Project description:Colorectal cancer (CRC) is a prevalent malignant tumour type arising from the colon and rectum. The present study aimed to explore the molecular mechanisms of the development and progression of CRC. Initially, differentially expressed genes (DEGs) between CRC tissues and corresponding non-cancerous tissues were obtained by analysing the GSE15781 microarray dataset. The Database for Annotation, Visualization and Integrated Discovery was then utilized for functional and pathway enrichment analysis of the DEGs. Subsequently, a protein-protein interaction (PPI) network was created using the Search Tool for the Retrieval of Interacting Genes and Proteins database and visualized by Cytoscape software. Furthermore, CytoNCA, a Cytoscape plugin, was used for centrality analysis of the PPI network to identify crucial genes. Finally, UALCAN was employed to validate the expression of the crucial genes and to estimate their effect on the survival of patients with colon cancer by Kaplan-Meier curves and log-rank tests.

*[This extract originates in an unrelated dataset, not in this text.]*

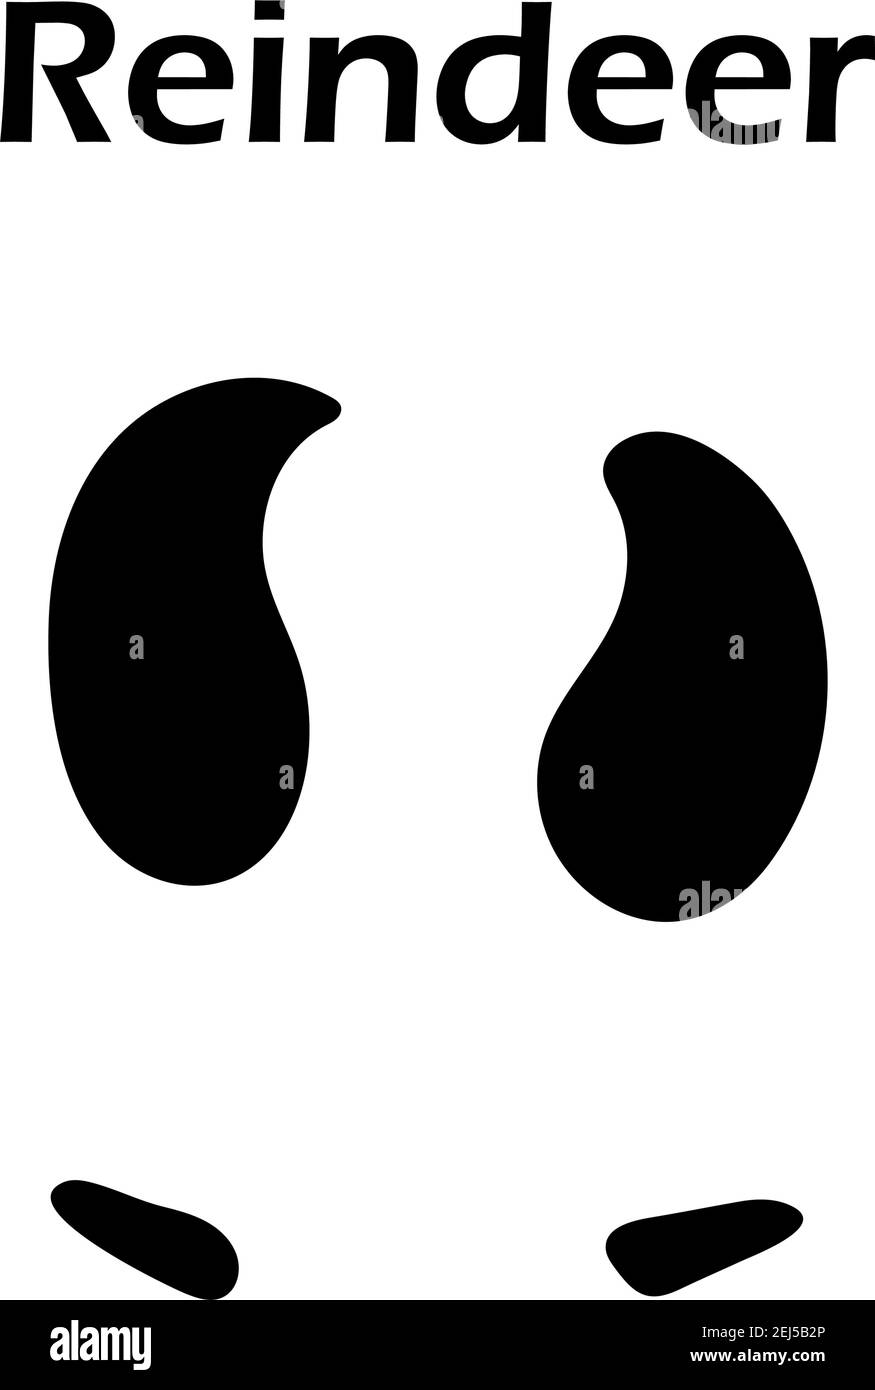 Reindeer Footprint. Black Silhouette Design. Vector Illustration. Stock Vector

A total of 1,085 DEGs, including 496 upregulated and 589 downregulated genes, were screened out. The DEGs identified were enriched in various pathways, including 'metabolic pathway', 'cell cycle', 'DNA replication', 'nitrogen metabolism', 'p53 signalling' and 'fatty acid degradation'. PPI network analysis suggested that interleukin-6, MYC, NOTCH1, inhibin subunit ?A (INHBA), CDK1, cyclin (CCN)B1 and CCNA2 were crucial genes, and their expression levels were markedly upregulated. Survival analysis suggested that upregulated INHBA significantly decreased the survival probability of patients with CRC. Conversely, upregulation of CCNB1 and CCNA2 expression levels were associated with increased survival probabalities. The identified DEGs, particularly the crucial genes, may enhance the current understanding of the genesis and progression of CRC, and certain genes, including INHBA, CCNB1 and CCNA2, may be candidate diagnostic and prognostic markers, as well as targets for the treatment of CRC.